“She didn’t use drugs, Dakota. The worst thing she did was drink too much these past few months, and that was because of me, because she was unhappy. She picked up smoking at the same time, probably from Danielle.”
“You don’t like cigarettes.” Shane didn’t want to kiss him after he’d smoked, but Shelly got a pass?
“No, I don’t. It was one more thing that drove us apart. I wasn’t… I wasn’t attracted to her in the way a fiancé should be, and when she smoked, that just made her even more unattractive to me.”
Now he felt like an asshole. “’M sorry, Shane. I’m sorry.”
“Whatever you found, it wasn’t hers. I swear.”
Dakota closed his eyes. A broken picture frame, the glass jammed deep into her throat. Drugs in the jewelry box. Khaki fibers under her fingernails. “Are you, uh, comin’ back over tonight?” he breathed.
“Yes. If… that’s okay?”
“’Course it’s okay.”Never be away from me. Stay. Always.“I gotta get goin’. But I’m gonna find who did this. I swear.”
“I know you will. I know it.”
“I’ll call you again in a bit. I love you.” He hung up.
Everything Shane had said rolled around in his head, smashing up against everything else in the case. Six sets of remains in a grave, one murdered woman in her home. Carly Hurst mutilated and left, to the killer’s mind, unidentifiable. A pattern and no pattern at all: of the timing, of the manner of death, of the location of the bodies. An evolution in how the killer hunted? Or a disruption of his dumping ground and MO?
Where the hell was Frank Lynn?
Who the hell was Jessica meeting at that Odessa motel during the rally, when everyone thought she was right there?
Jessica made a call.Drug charges dropped. Joey set free.
Dakota’s mind switched gears, dropping back to the past. Whirring through time, to when he was a brand-new Texas Ranger, newly assigned to Company A out of Houston. He was fresh from the army and dropped onto the cold case desk to cut his teeth. He was supposed to review old cases and take in the investigative steps of the departments that had kicked their files up to the Rangers. Find the cracks others had missed.

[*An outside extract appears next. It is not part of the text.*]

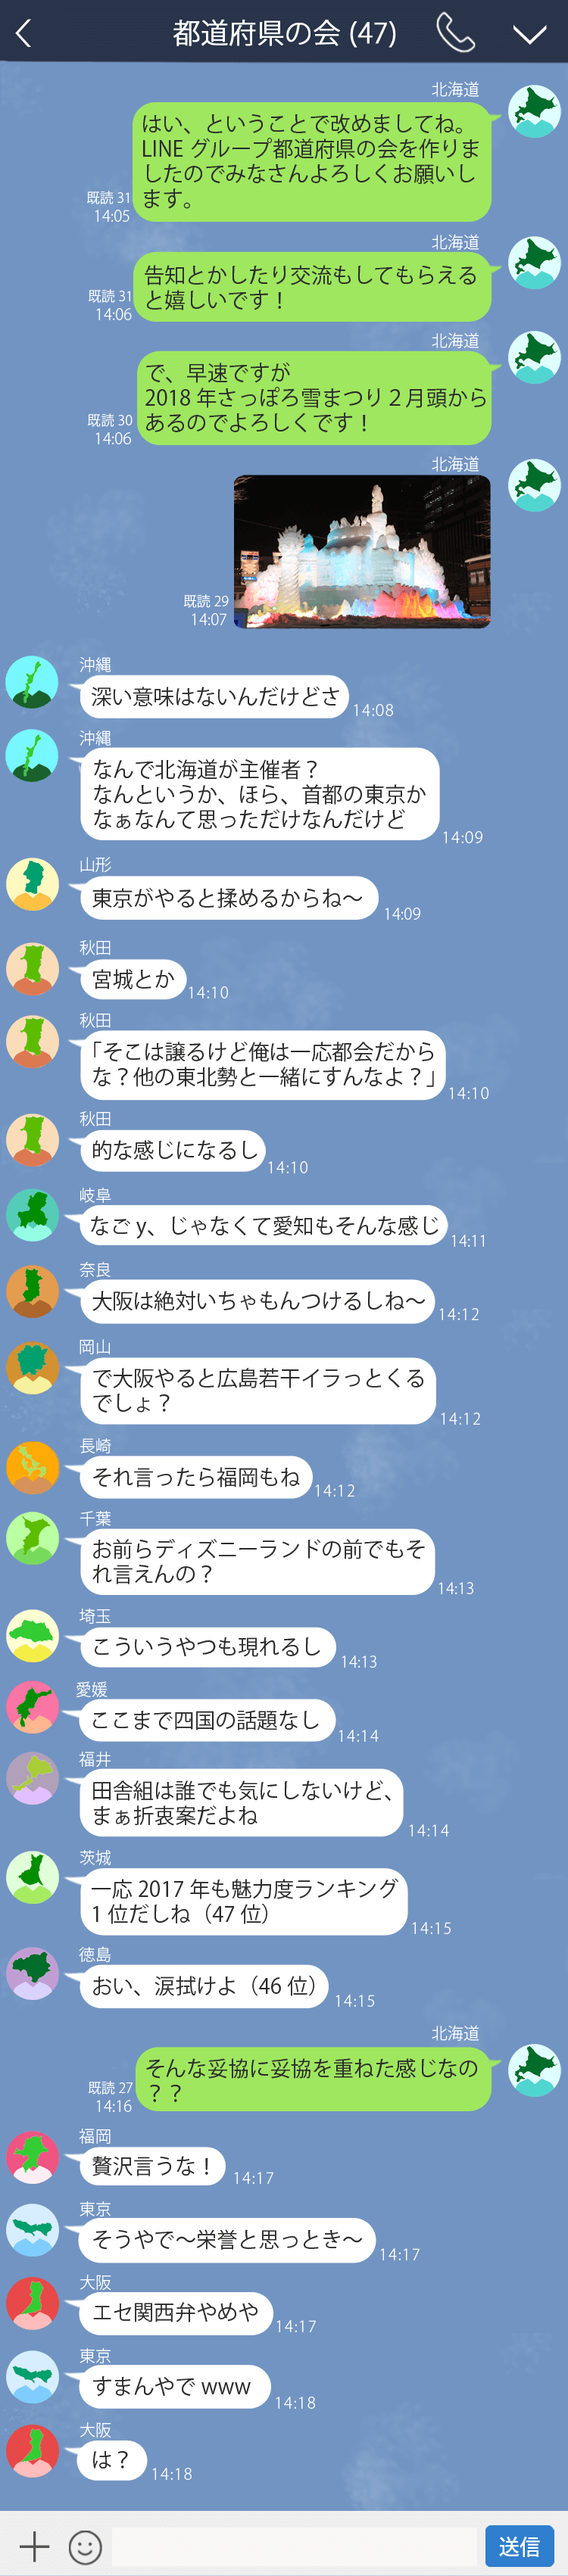 todohuken_LINE_1

There’d been one file… Colder than ice, a missing young woman, supposedly a sex worker with a troubled past. Not unusual for a missing woman, not even unusual for a cold case.
Jessica made a call.
He texted Bennet first, asking for anything he had on the Carly Hurst investigation, before he called Dr. Trevino back.
“Ranger Jennings, don’t tell me you’re on the way to El Paso.”
“No ma’am. Still parked in the desert, in fact.”
“Do you need a tow truck?”
He chuckled. “I wanted to ask you a favor. You know the Texas Killin’ Fields?”
“Of course,” she said. “Who doesn’t? The body dumping ground south of Houston, off Interstate 45. How many bodies have they pulled out of those square miles?”
“A truly depressin’ number. Hey, you think that dirt on those old bones could have come from there?”
She took her time answering. “It’spossible. Gulf Coast hardwood forest regions have generally acidic soil. That would be about the right area.”
“And you said they was a decade old, right?”
“At least a decade.”
He did the math in his head. It was possible. “Can you run those bones against a missing person for me?”
“I don’t see how. I wasn’t able to pull any usable DNA, and the teeth are in too poor a condition to do a quality comparative identification. Besides, I already ran what I have through the databases. If your missing person was a match to what I was able to submit, then there should have been a hit already.”
“The girl I’m thinkin’ of was never put in the system,” he said carefully. Maybe Dr. Trevino would know, with her love of Texas gossip. “She’s an older case. You ever heard the name Holly Holt?”